# PROVIDED DATA
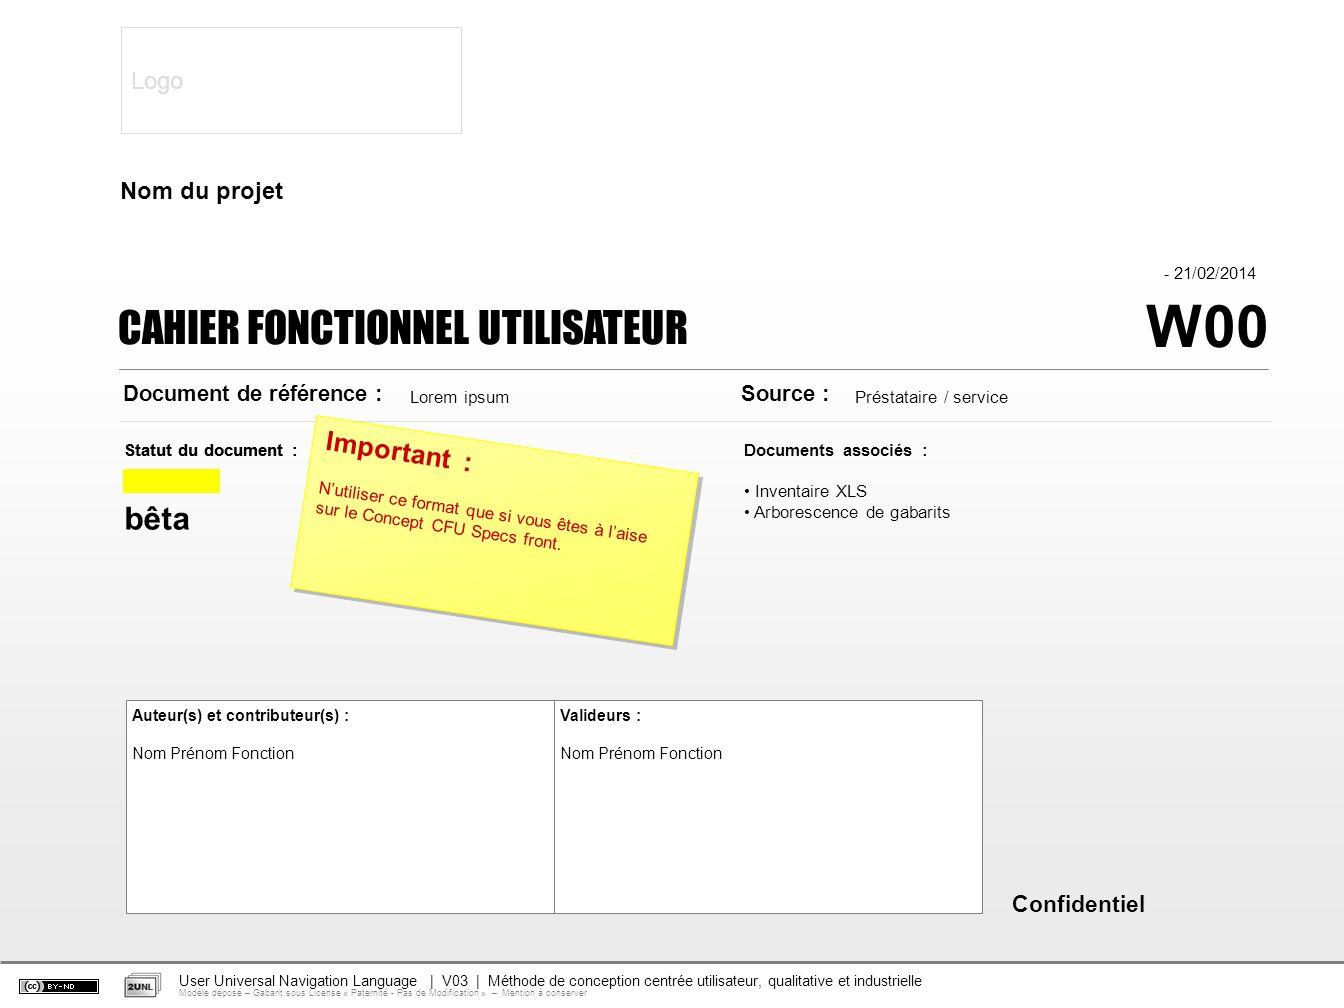 W00 - 21/02/2014 Auteur(s) et contributeur(s) : Nom Prénom Fonction Documents associés : Inventaire XLS Arborescence de gabarits Statut du document :
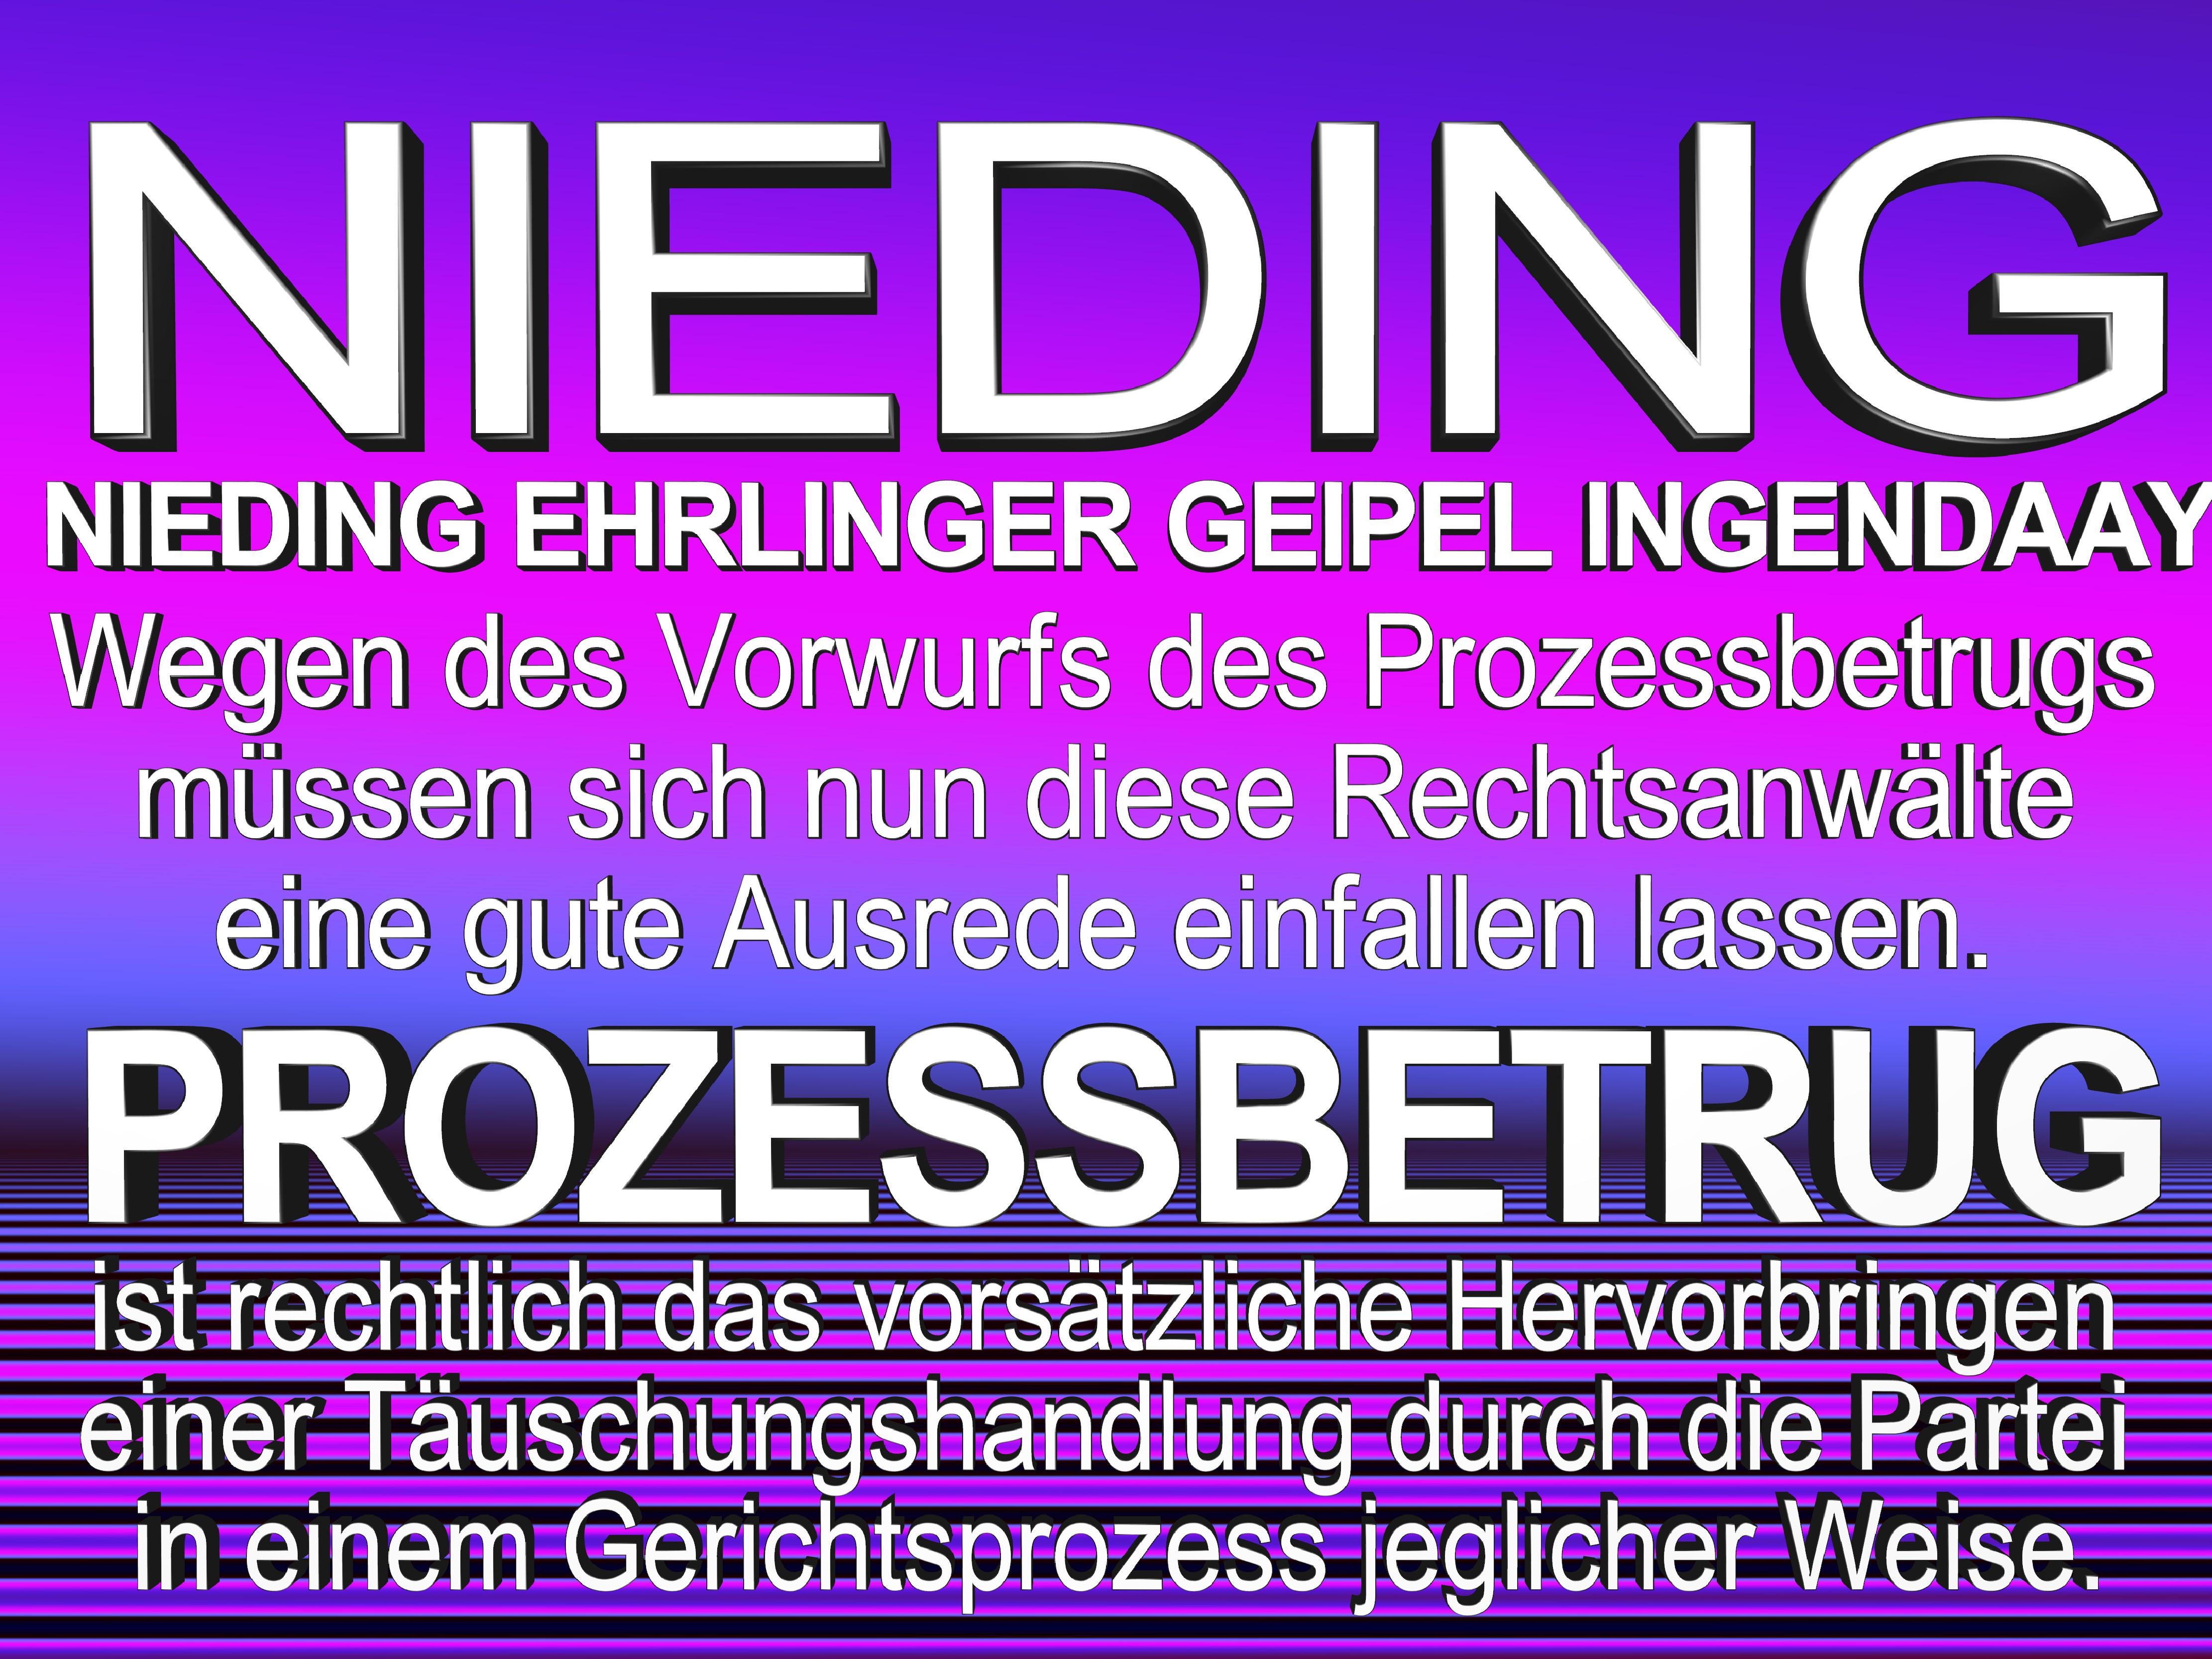 NIEDING EHRLINGER GEIPEL INGENDAAY LELKE Kurfürstendamm 66 Berlin (154)
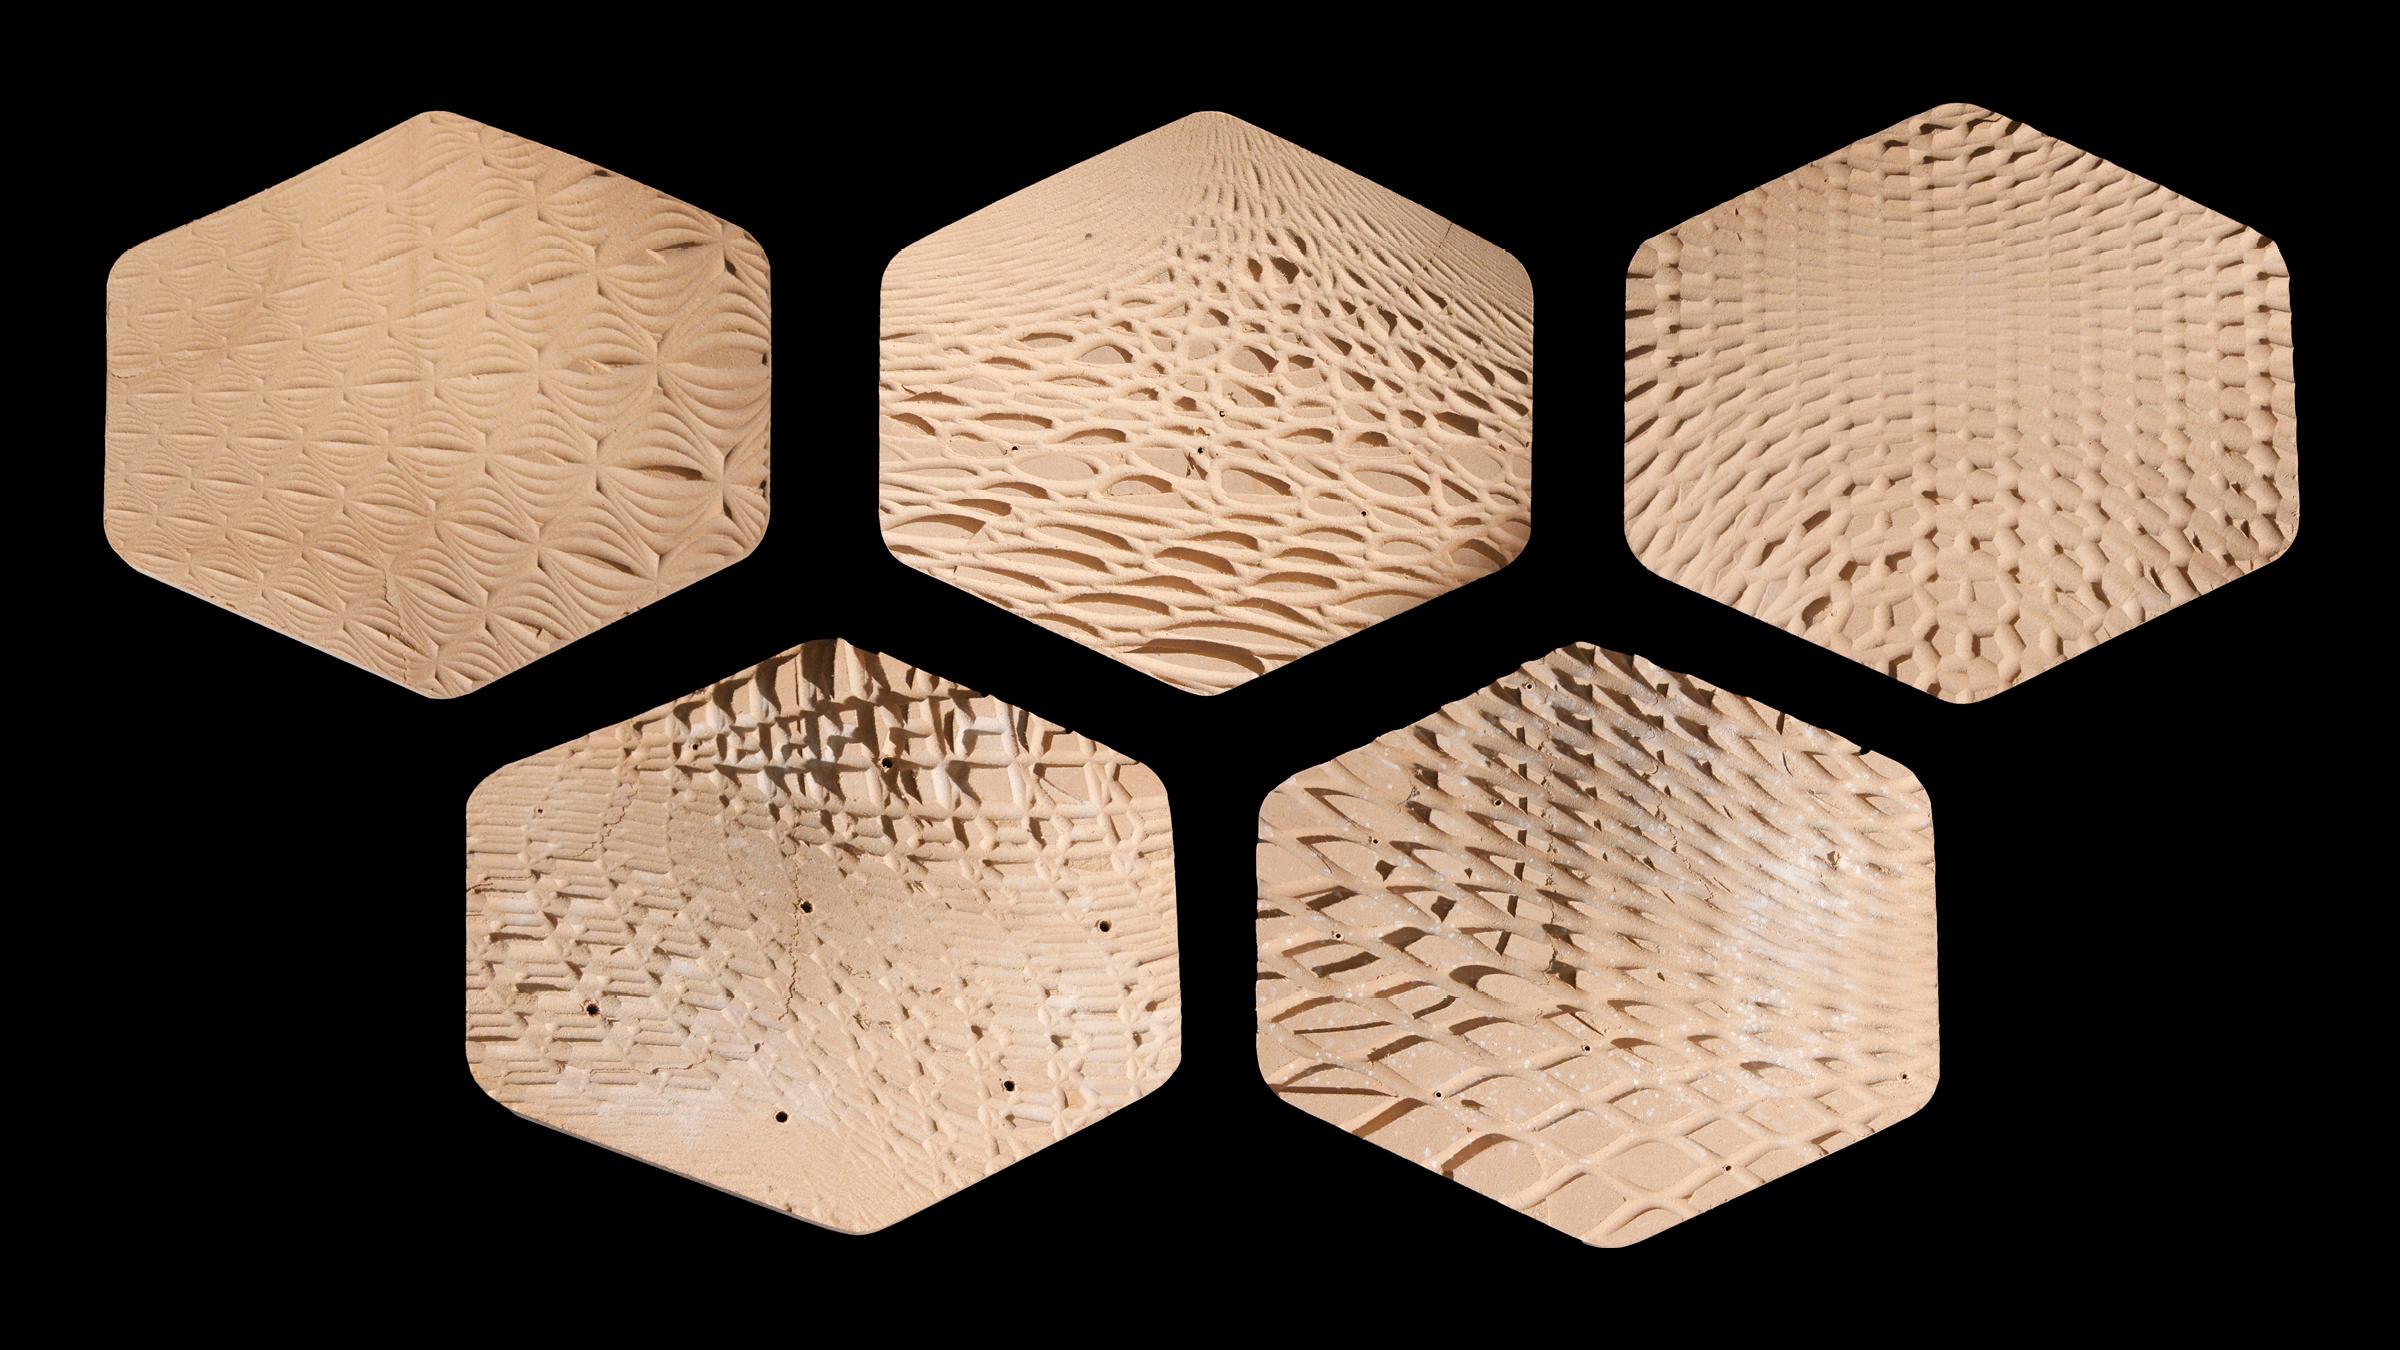 subtractive topogaphies images11.jpg

# WHAT NEEDS TO BE DONE
Output the listing above exactly as it stands; no picture should appear.

# ANSWER BOX
 W00 - 21/02/2014 Auteur(s) et contributeur(s) : Nom Prénom Fonction Documents associés : Inventaire XLS Arborescence de gabarits Statut du document :
 NIEDING EHRLINGER GEIPEL INGENDAAY LELKE Kurfürstendamm 66 Berlin (154)
 subtractive topogaphies images11.jpg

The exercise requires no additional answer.